La Rue de Varenne prendra en charge une partie de la vaccination des volailles contre l’influenza aviaire, et serait en passe de commander une première salve de doses. Marc Fesneau tient pour l’instant le calendrier annoncé, qui doit permettre de vacciner à l’automne.
Alors que la vaccination contre l’influenza aviaire est prévue pour l’automne, le ministère de l’Agriculture a évoqué, dans un communiqué du 28 février, le « financement d’une part du coût de la campagne vaccinale à venir ». Selon une étude commandée par les filières avicoles fin 2022, ce coût pourrait osciller entre 35 millions d’euros (M€) et 330 M€ selon les scénarios retenus (espèces protégées, zones et durées).
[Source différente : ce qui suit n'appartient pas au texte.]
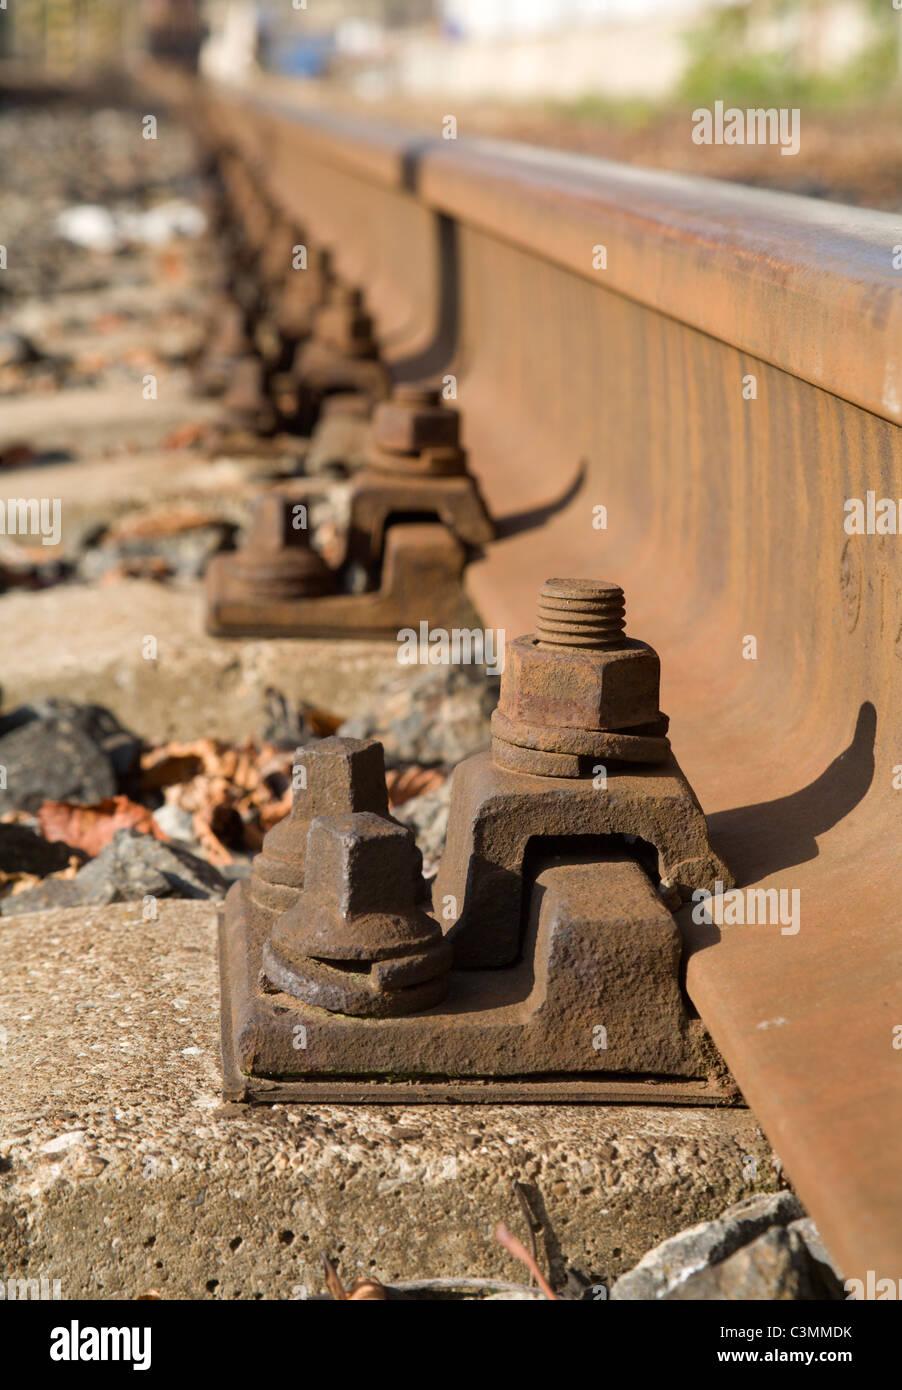 rails - detail - Stock Image

Une enveloppe qui cumule le prix des produits, de la main-d’œuvre (application et visites vétérinaires) et du suivi (analyses).
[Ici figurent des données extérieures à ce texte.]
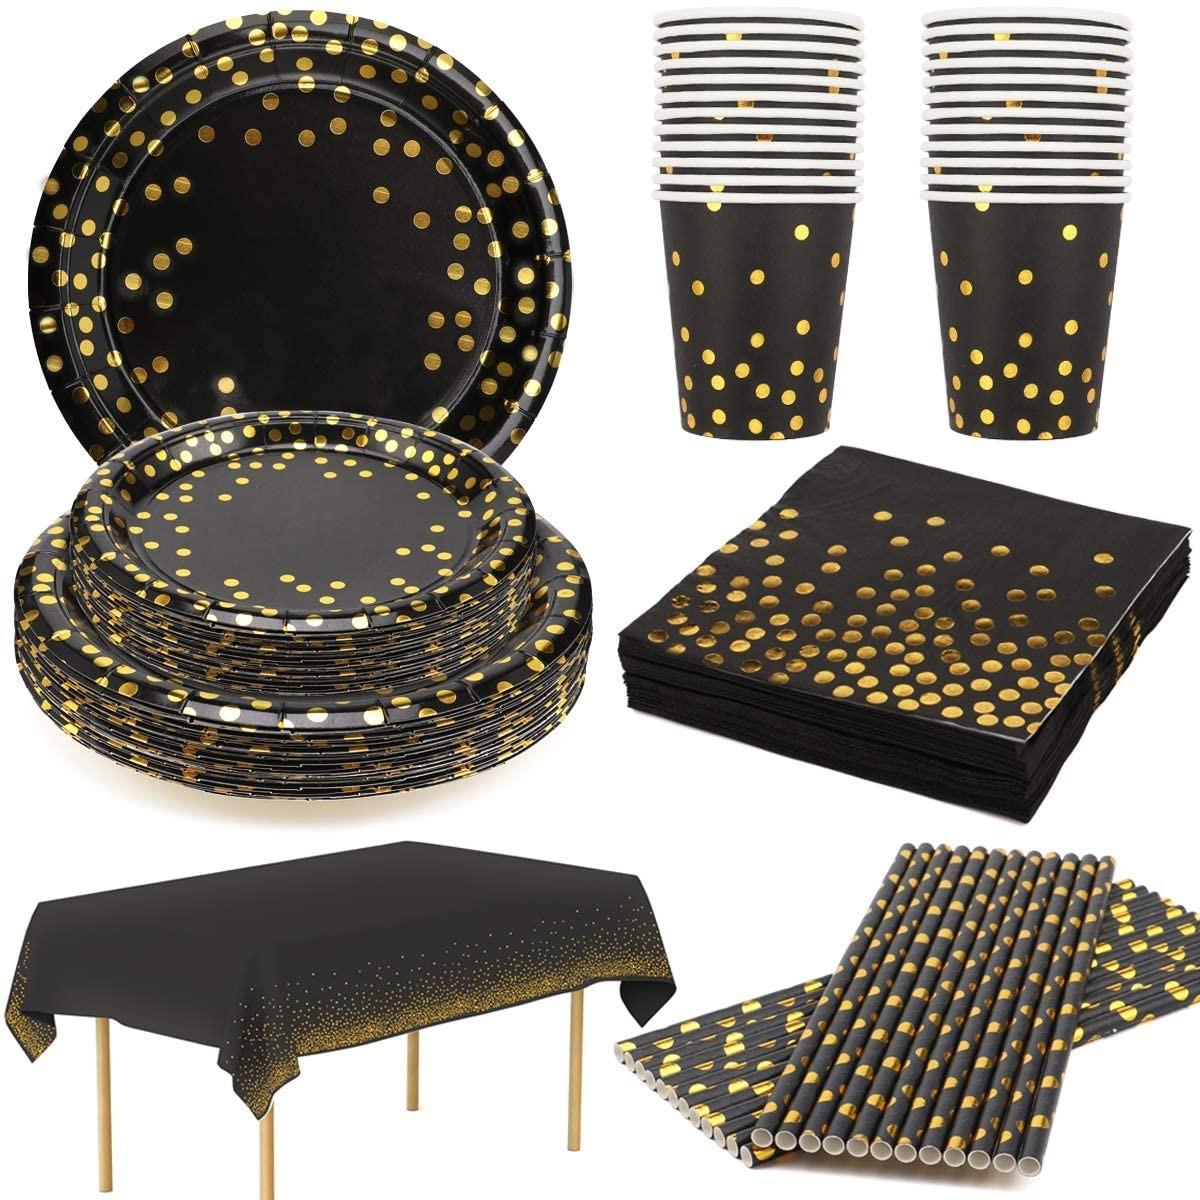 Kit festa 24 ospiti oro nero, festa Chic, set tavola

Demandée par les professionnels, la prise en charge de la vaccination est citée parmi d’autres mesures nécessaires pour « franchir avec succès les prochaines étapes importantes d’ici l’été » : résultats de l’expérimentation sur les canards (mars), élaboration de la stratégie vaccinale (mai), ou encore « échanges avec les partenaires commerciaux au niveau international » afin de sécuriser l’export. Lors d’une réunion avec les filières avicoles le 24 février, Marc Fesneau a confirmé ce calendrier. Présent à la réunion, Joël Limouzin, membre du bureau de la FNSEA, a senti « une vraie volonté du ministre d’avancer ». Selon lui, les discussions démarrent entre filières et pouvoirs publics sur la stratégie vaccinale à adopter. M. Limouzin milite pour une vaccination obligatoire au moins pour les palmipèdes, réputés plus à risque face au virus.
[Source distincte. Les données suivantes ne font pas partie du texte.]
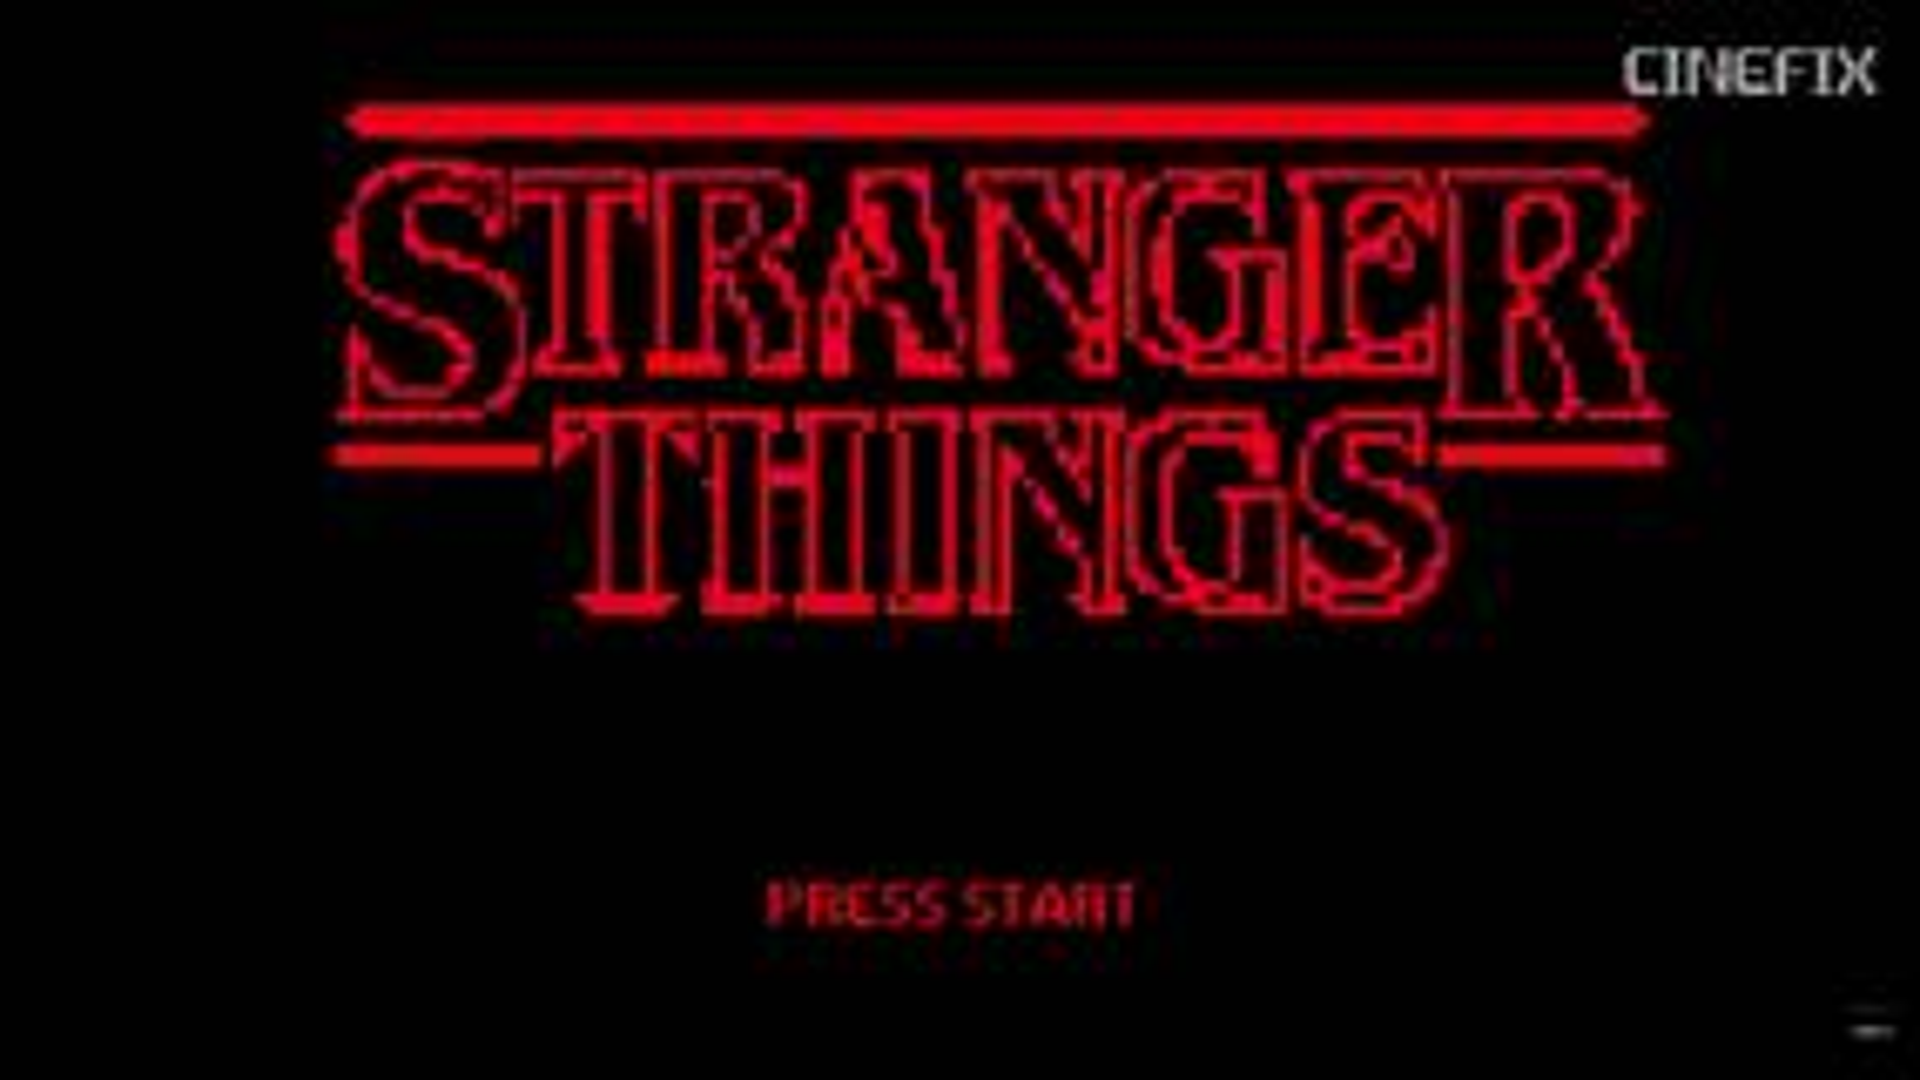 Image for Stranger Things gets an 8-bit videogame makeover courtesy of 8-bit Cinema

Commande de vaccins imminente
Cette réflexion sera basée sur l’avis de l’Anses, attendu dans les prochaines semaines. « L’expérimentation sur les canards est en cours de finalisation, nous aurons les résultats fin mars », indique Gilles Salvat, directeur général délégué au Pôle Recherche et références de l’Anses. Sur cette base, « nous allons proposer des scénarios », précise-t-il à Agra Presse.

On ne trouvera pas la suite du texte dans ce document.